The CALM network includes 168 active sites in both hemispheres, with 15 participating countries. This network represents the only coordinated and standardized program of observations using standard measurement protocols designed to observe and detect decadal changes in the dynamics of seasonal thawing and freezing in high-latitude soils. The Intellectual Merit of this study lies in the need for long-term time series of active layer depth, ground temperature, and thaw settlement measurements at the same locations and across diverse terrain types and regions in order to identify scales of spatial variation, establish trends, and validate models.
The active layer thickness is measured by physical probing on grids ranging in size from 100 to 1000 meters, by probing at a single point or along transects or from permanently installed frost tubes and soil temperature cables. Sites include several coastal to inland transects in North America, a longitudinal array of sites across Eurasia, and individual sites in several mid-latitude, mountainous regions. The majority of the sites are in arctic tundra regions consisting of fine grained sediments. Bouldery and rocky sites in mountains are being added to the network primarily in Europe as part of the EC Permafrost and Climate in Europe (PACE) project.
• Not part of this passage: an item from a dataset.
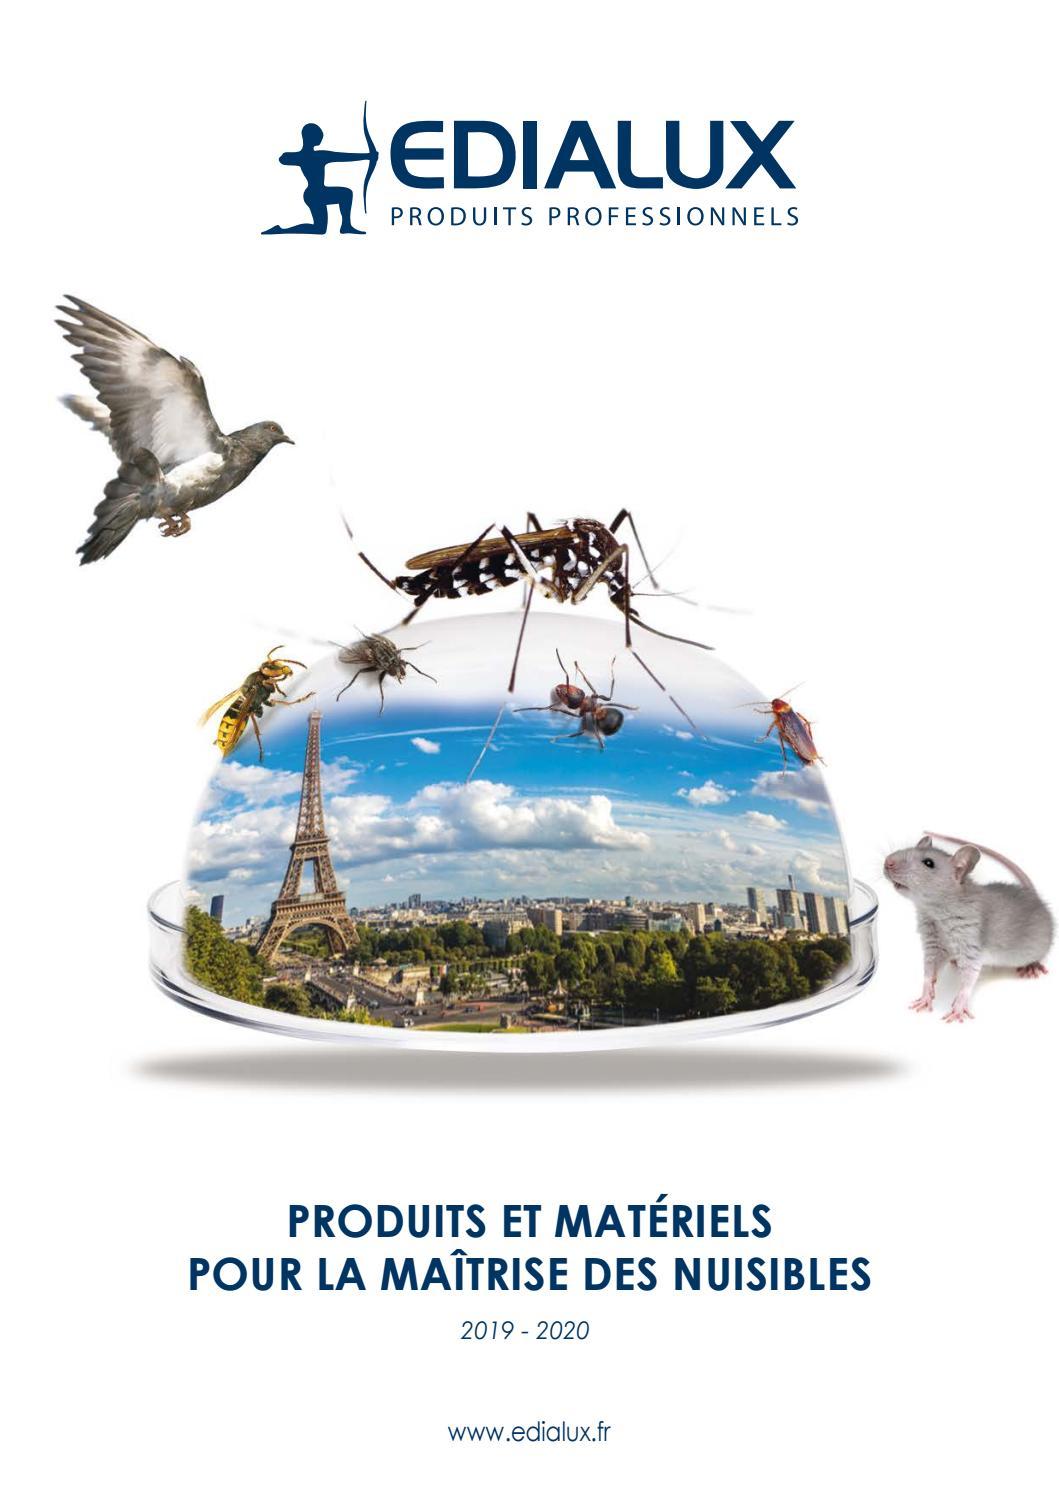 Quel Produit Pour Tuer Les Blattes catalogue edialux 2019-20edialux - issuu
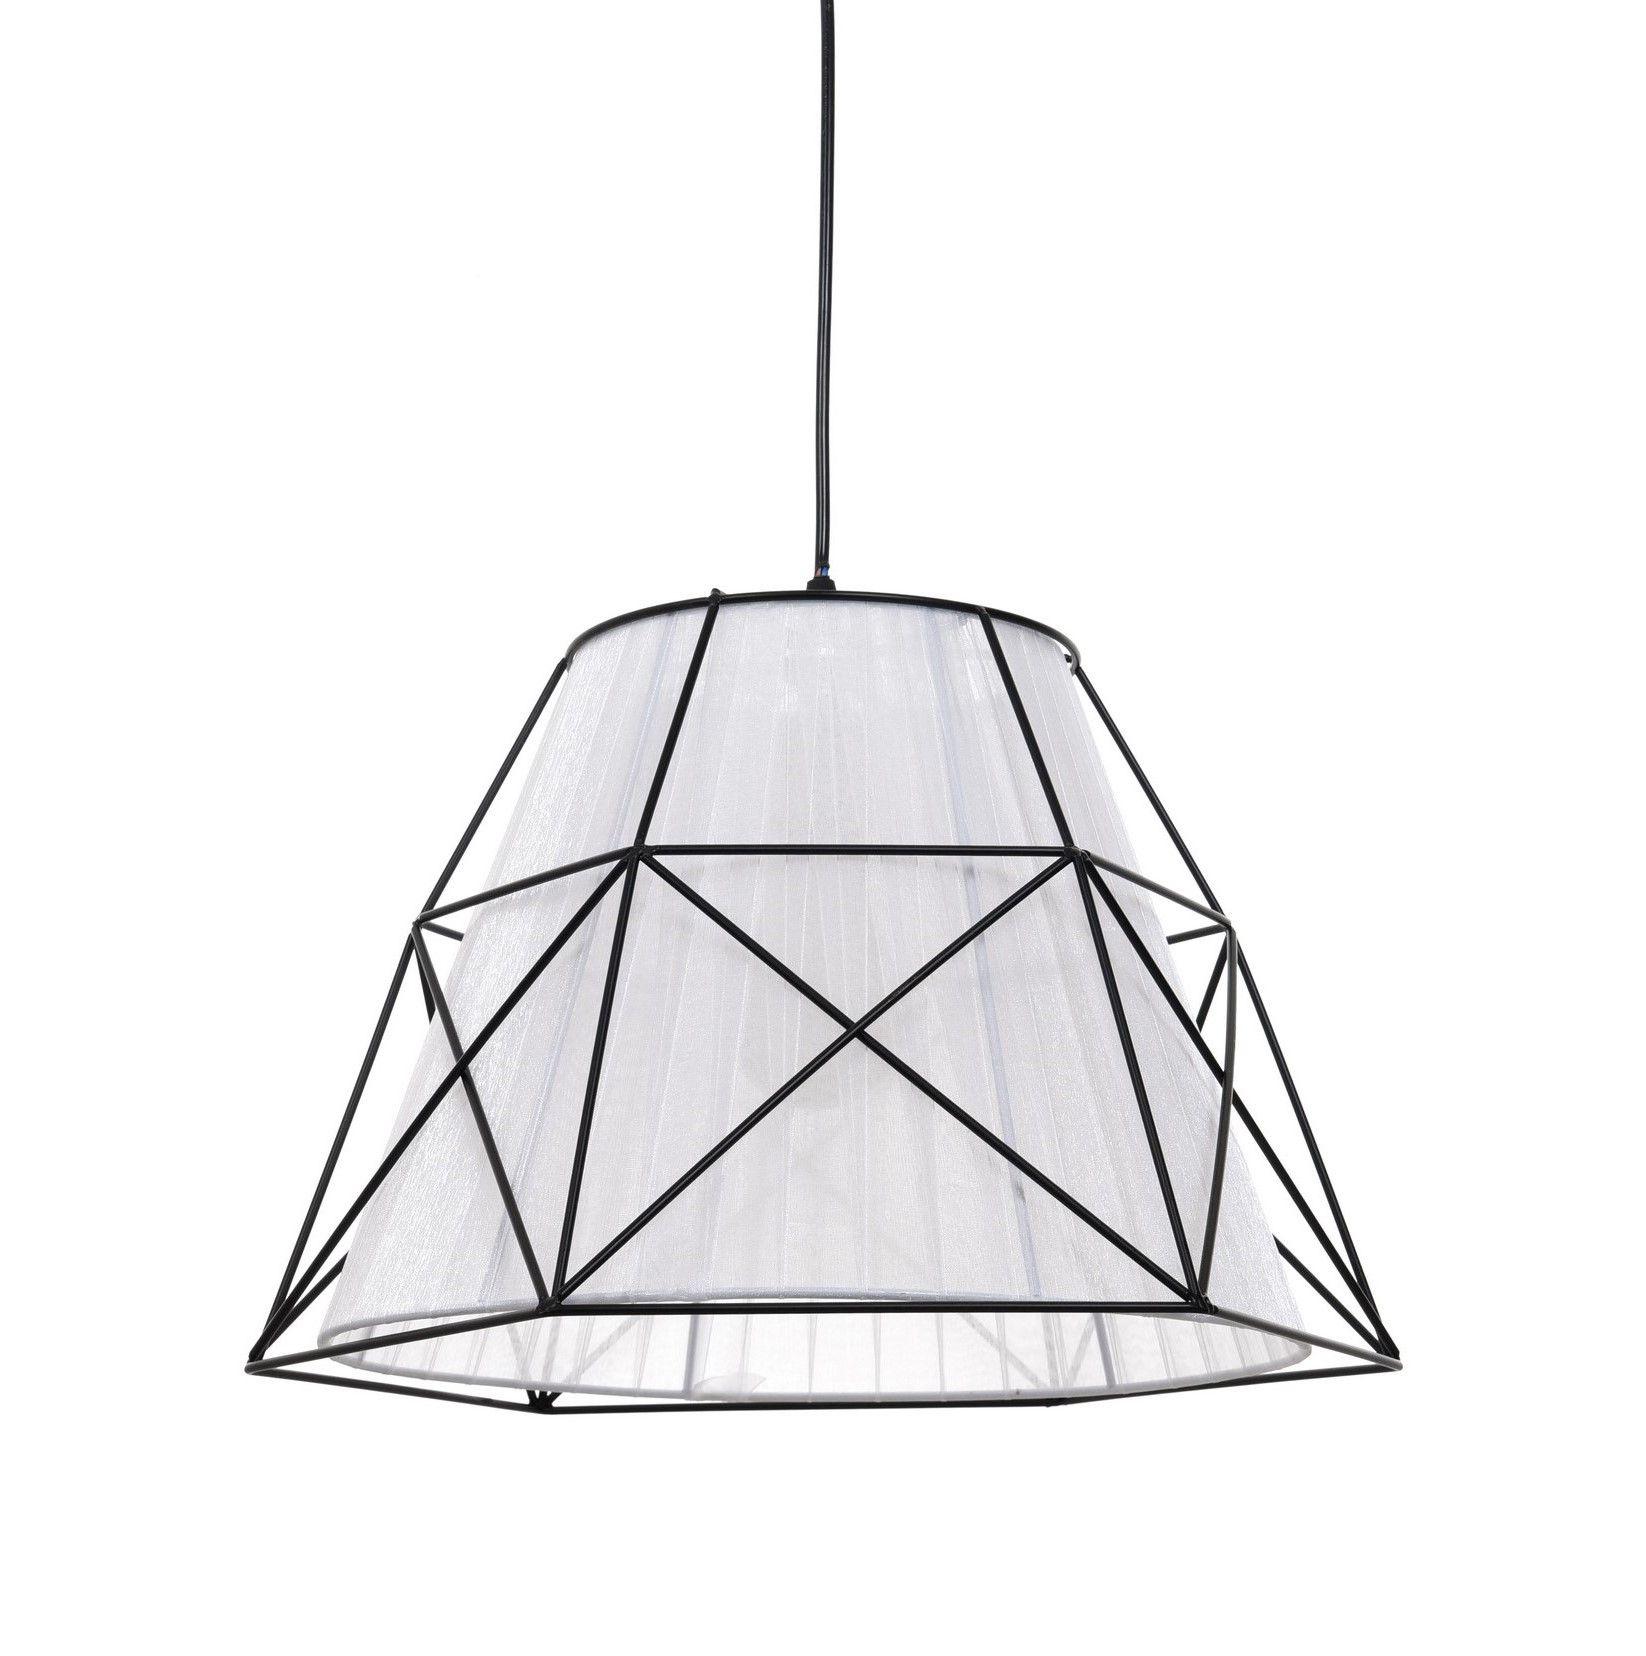 Подвесной светильник Lumina Deco Boneti LDP 8002 BK+WT, 1xE27x40W, черный, черный с белым, металл, текстиль - фото 1

CALM is being considered as the part of the Global Climate Observing System (GCOS). CALM is closely affiliated with the International Permafrost Association (IPA), several IPA working groups, and the International Tundra Experiment (ITEX). The current protocol for observing the active layer thickness is given in the published ITEX Manual and on the ITEX and IPA web sites. These activities are part of the IPA Global Geocryological Database (GGD). A map on the CAPS CD-ROM illustrates the locations of the 130 sites. A comprehensive metadata file for all sites is available.
The CAPS CD-ROM contains detailed metadata and summary data. Raw data can be found at the CALM web site.